In search of The North

There are any number of terrifying things to potentially encounter in life: notorious mass murderers strolling in the the streets; a pigeon scrambling about on the other side of a single-glazed skylight; groups of small children given permission to sing aloud in public. I could go on, but won't. And yet none of these is remotely as terrifying as something I've been forced to encounter on numerous occasions in my short, illustrious existence: people from the south who don't know where Middlesbrough is. Most upsetting.

These dim southern tosspots can be found with alarming regularity in our towns and cities - often propping up the bars in trendy, refurbished public houses with laminate flooring - cradling copies of the Daily Express and sporting smug, inane grins. It seems there is some form of bliss to be garnered from geographical ineptitude. Well, as Rage Against The Machine once said: "If ignorance is bliss, then knock the smile off my face."

When you tell someone from the south that you're originally from "near Middlesbrough", the initial reaction is usually for their retinas to cloud over and their attention to shift elsewhere in the room. In recent months, however, there has been a slight increase in vague recognition thanks to the so-called findings of the bourgeois television programme Location, Location, Location: "Oh, the worst place to live in Britain!" I suppose this can be considered some form of progress. It is at least slightly better than "is that Scotland?" (no, that's Midlothian) and "is it just outside London?" (no, that's Middlesex, MIDDLESEX!), both of which I've encountered. The worst one ever was: "Do you really consider yourself a northerner, then? It's somewhere in the middle isn't it? You know... Middle-sbrough" (no, no, no, nuggetfucking NO).

I'd suggest that the southern geographical awareness of those of us from the north is infinitely superior, mainly because that half of the country is forced down our throats by the London-based media, but also because we're generally less self-obsessed. I know where lots of inconsequential places in the south are: Weston-Super-Mare; Basingstoke; Tring; Diss. Again, I could go on, but won't as I consider this short list to be proof enough.

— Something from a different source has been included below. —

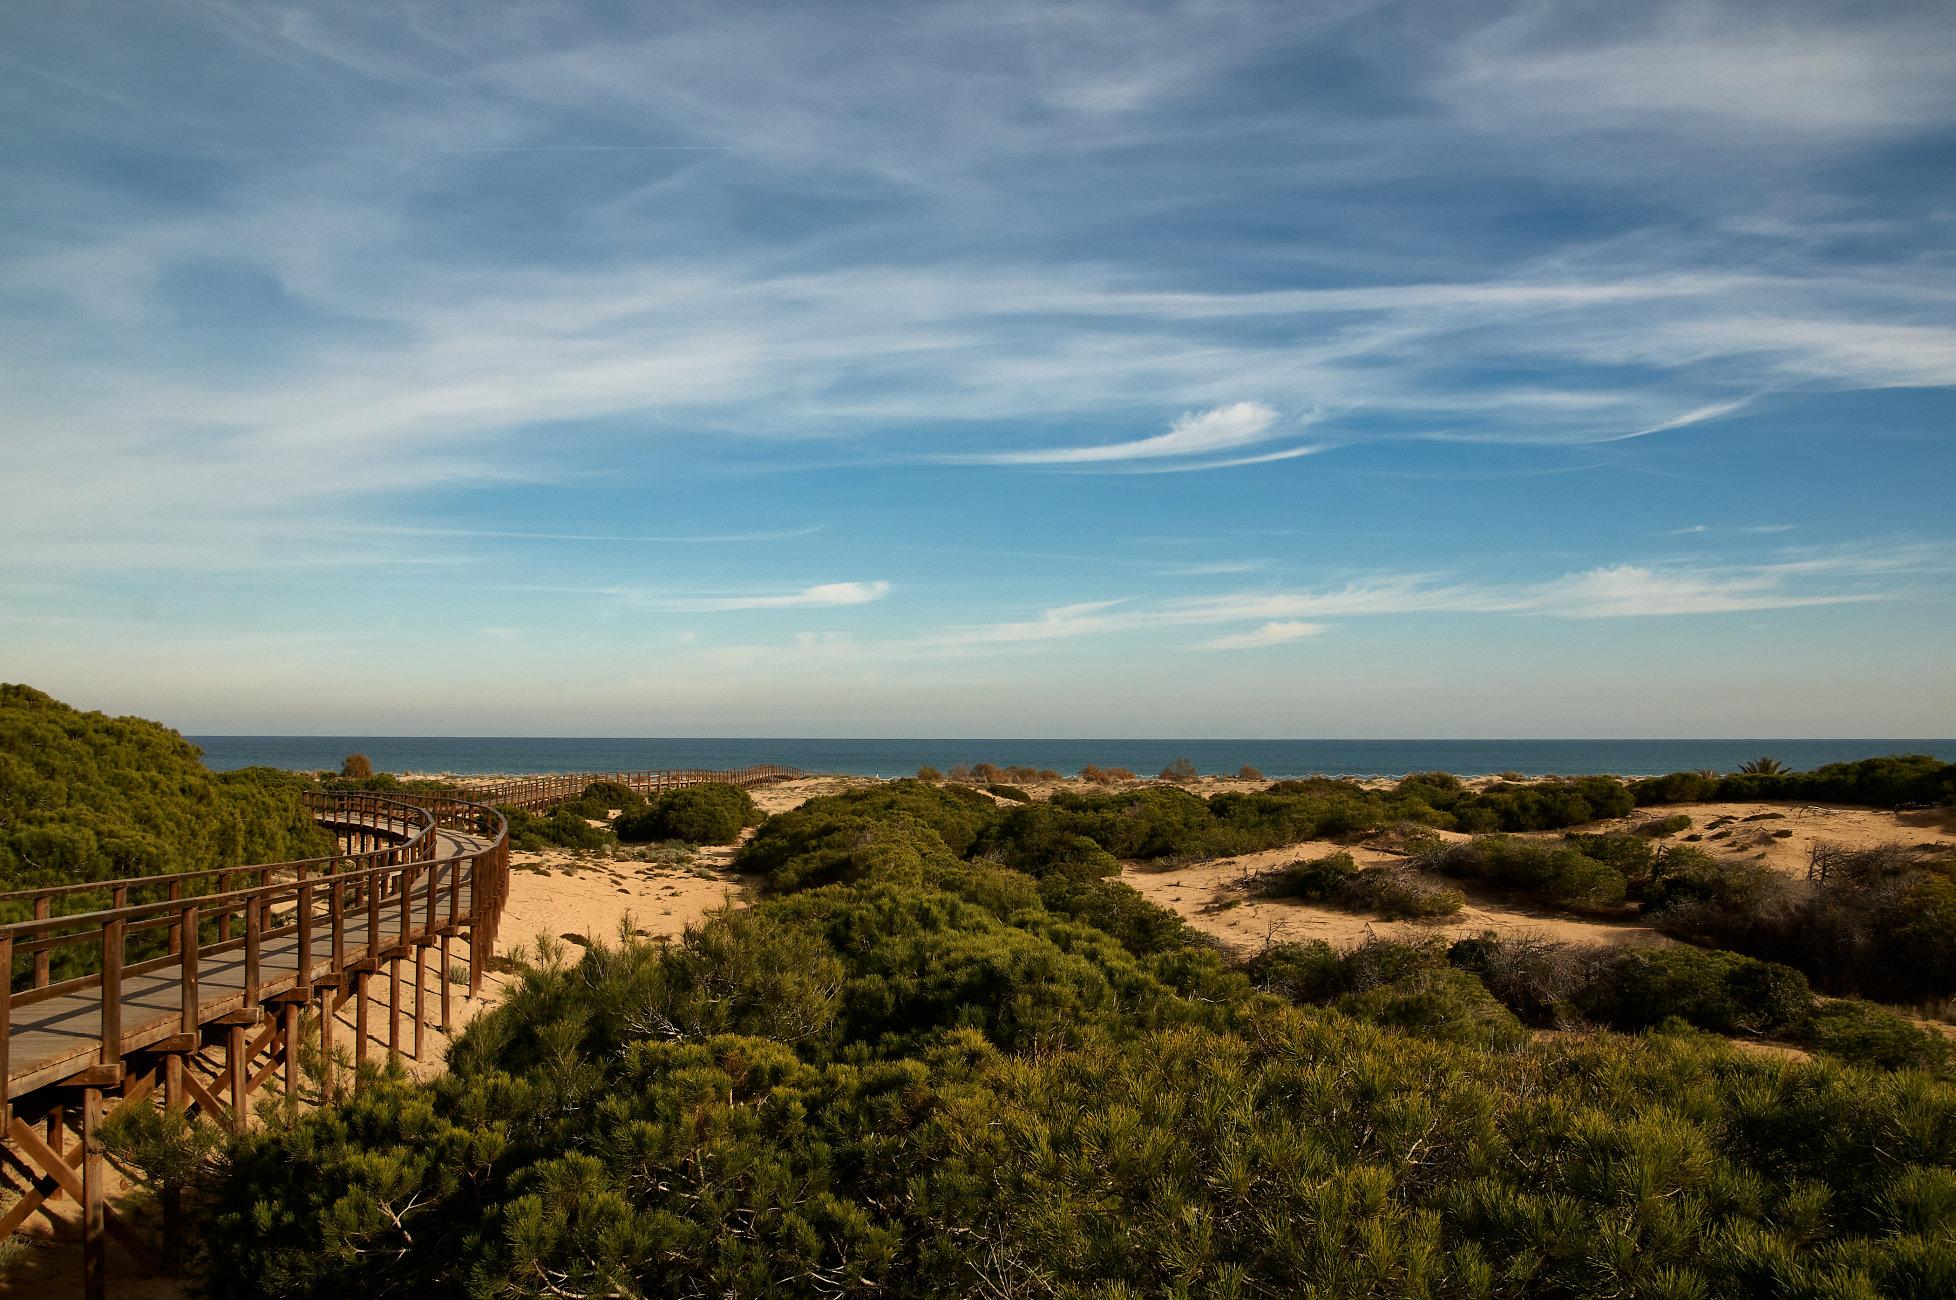 Sand dunes un Alicante

At the moment I'm reading Stuart Maconie's excellent 'Pies and Prejudice', which is all about the north and northern identity (see, I told you we're less self-obsessed). In it, he describes this same, peculiar southern mentality:

To many a south-based viewer... 'Up North' is a long way away. You wouldn't want to go there. It's a long trip, as in 'West Ham face a long trip to Hartlepool for the third-round tie'. Note it's never the other way round. It's OK too to be blithely approximate about northern geography. Some years ago, we northerners chortled when Des Lynam suavely announced on Final Score: 'Chesterfield 0, Chester 0. So no goals there in the local derby.'

Good work, Des. Good work.


Blogger Nabby Adams said...

If you REALLY want to find the True North, find a copy of 'The Idea of North' by Peter Davidson, published by Reaktion and available from Amazon.co.uk

It's wide-ranging, informative and extremely well written. Recommended.